Lustre Filesystem Striping

Lustre filesystem striping has a couple of advantages and a couple of disadvantages. Consideration should be made when applying stripes to the workload operation type and file size- otherwise, it is best to allow the default to manage the filesystem stripes.

Two advantages are that available bandwidth and maximum file size is increased. Files can span multiple OST’s or Lustre filesystem disks which allow for greater file sizes and
multiple disk performing i/o.
 
Two disadvantages include increased overhead and risk.  OST’s and OSS’s must coordinate file i/o operations together. Increased risk is evident when you consider the example of striping each file across all servers. In this case, if any one OSS catches on-fire, a small part of every file is lost. By comparison, if each file has exactly one stripe, you lose fewer files, but you lose them in their entirety. Most users would rather lose some of their files entirely than all of their files partially.
 
A general rule of thumb is to use a stripe count approximately equal to the number of gigabytes in the file.
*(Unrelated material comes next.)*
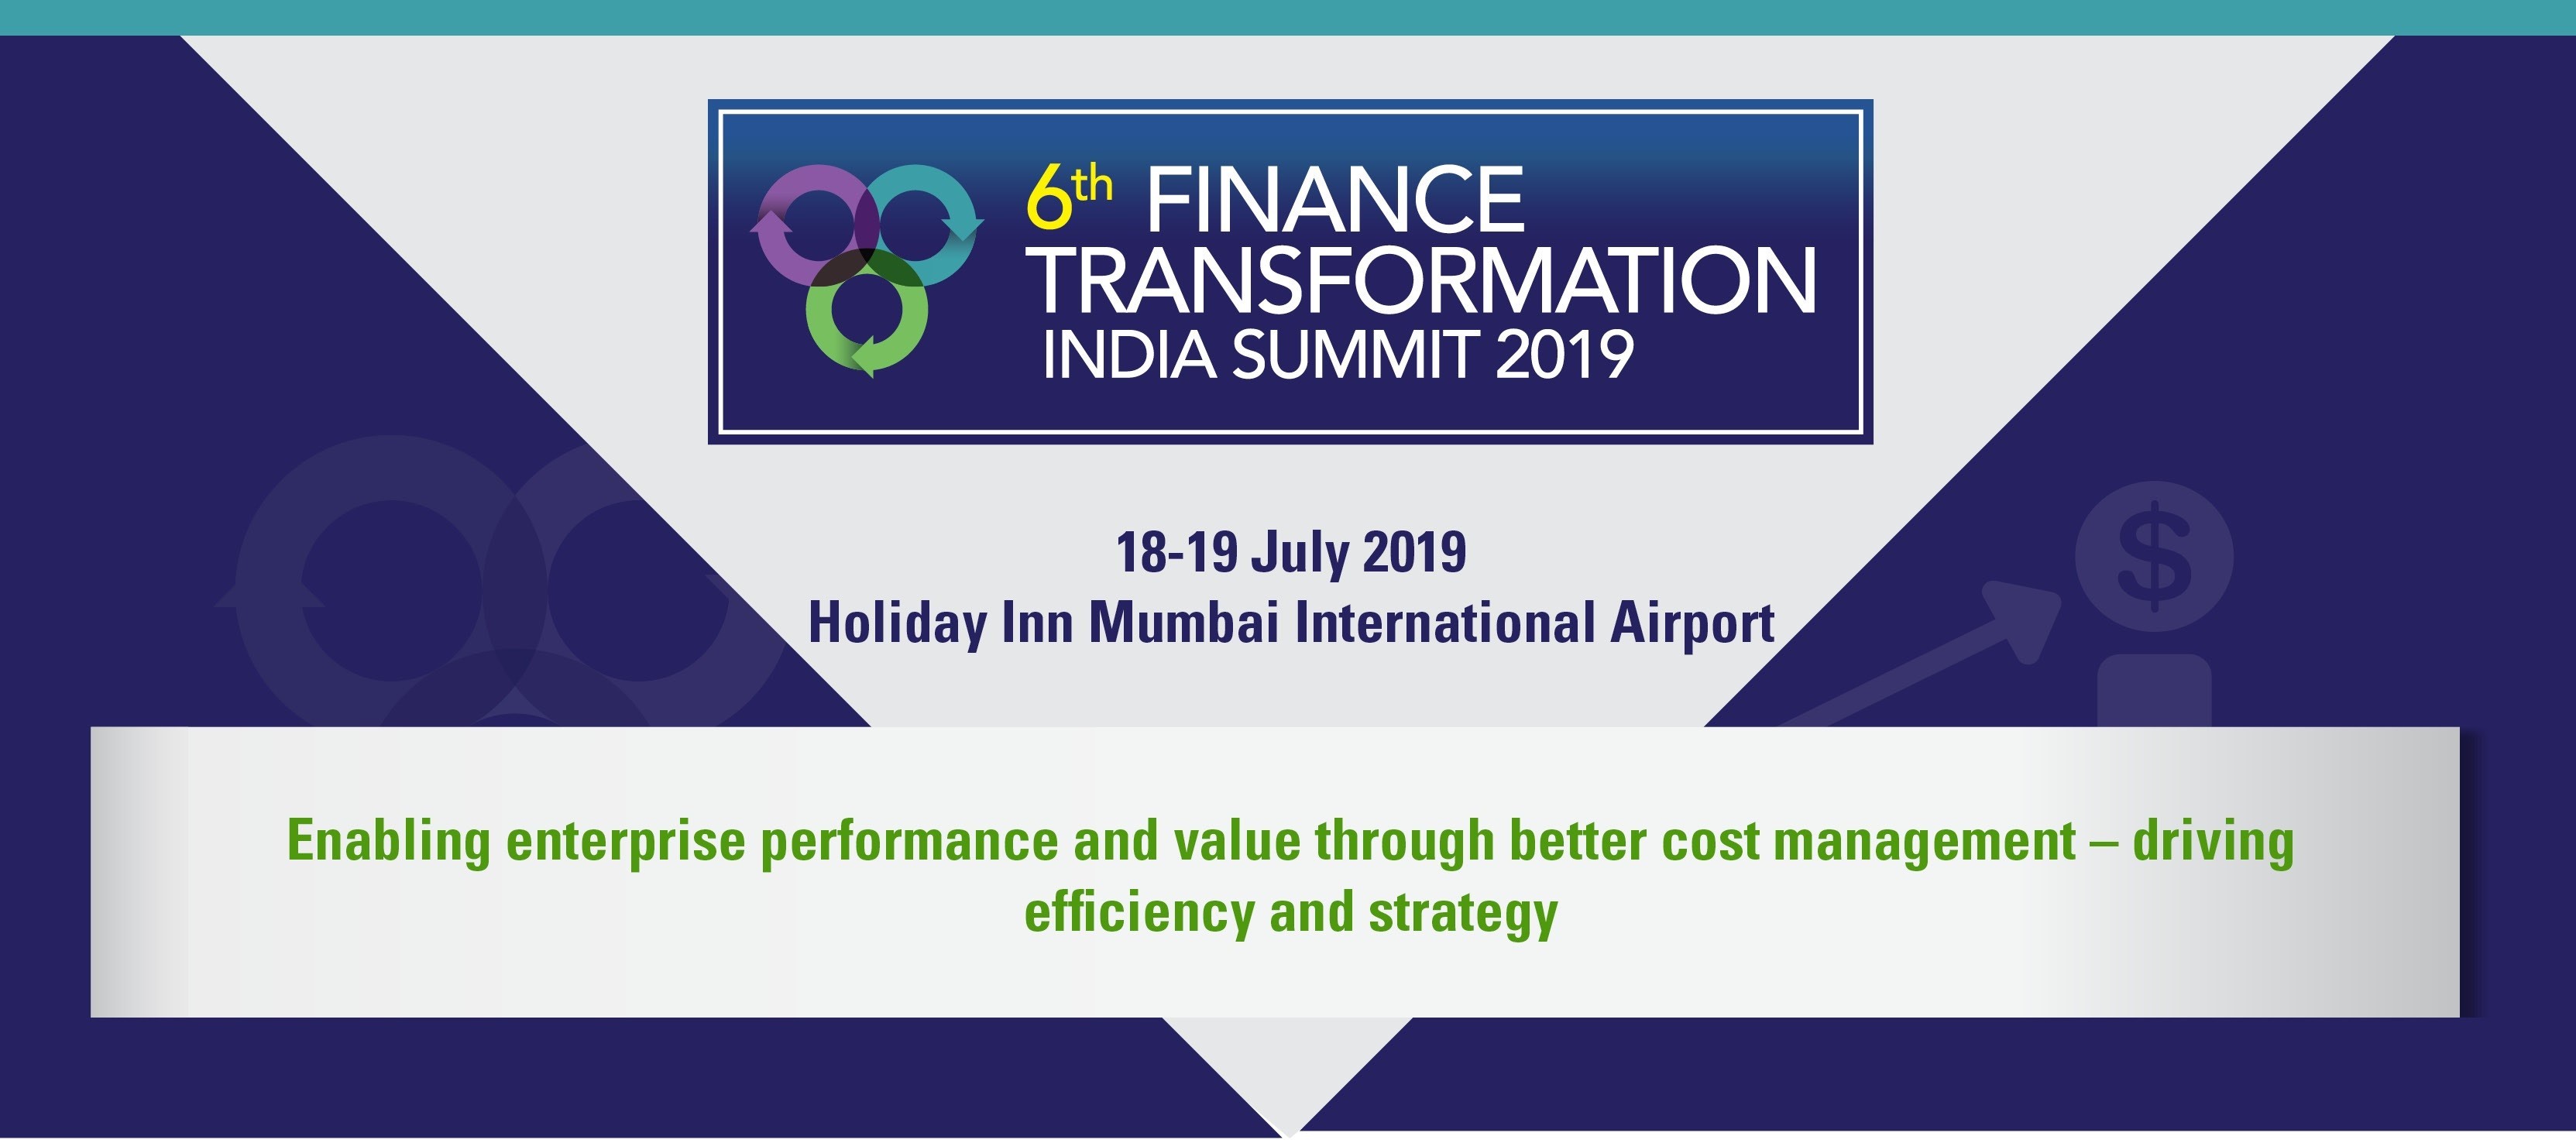 6th FINANCE TRANSFORMATION INDIA SUMMIT 2019, Mumbai, Maharashtra, India

Use this rule within reason. A Terabyte file should not be striped to 1024. That’s too much considering there are currently only 30 OST’s and 4 OSS nodes on the UNC Lustre filesystem.

Additional rules and best practices apply, such as:

  1. Make the stripe count be an integral factor of the number of processes performing the write in parallel, so that you achieve load balance among the OSTs. For example, set the stripe count to 16 instead of 15 when you have 64 processes performing the writes.
  2. A good stripe size for sequential I/O using high-speed networks is between 1 MB and 4 MB. In most situations, stripe sizes larger than 4 MB do not parallelize as effectively because Lustre tries to keep the amount of dirty cached data below 32 MB per server (with the default configuration).

Set Striping Patterns
 
Files and directories inherit striping patterns from the parent directory. However, you can change them for a single file, multiple files, or a directory using the lfs setstripe  command. The lfs setstripe command creates a new file with a specified stripe configuration or sets a default striping configuration for files created in a directory. The usage for the command is:
 
Use the lfs setstripe command to create new files with a specific file layout (stripe pattern) configuration.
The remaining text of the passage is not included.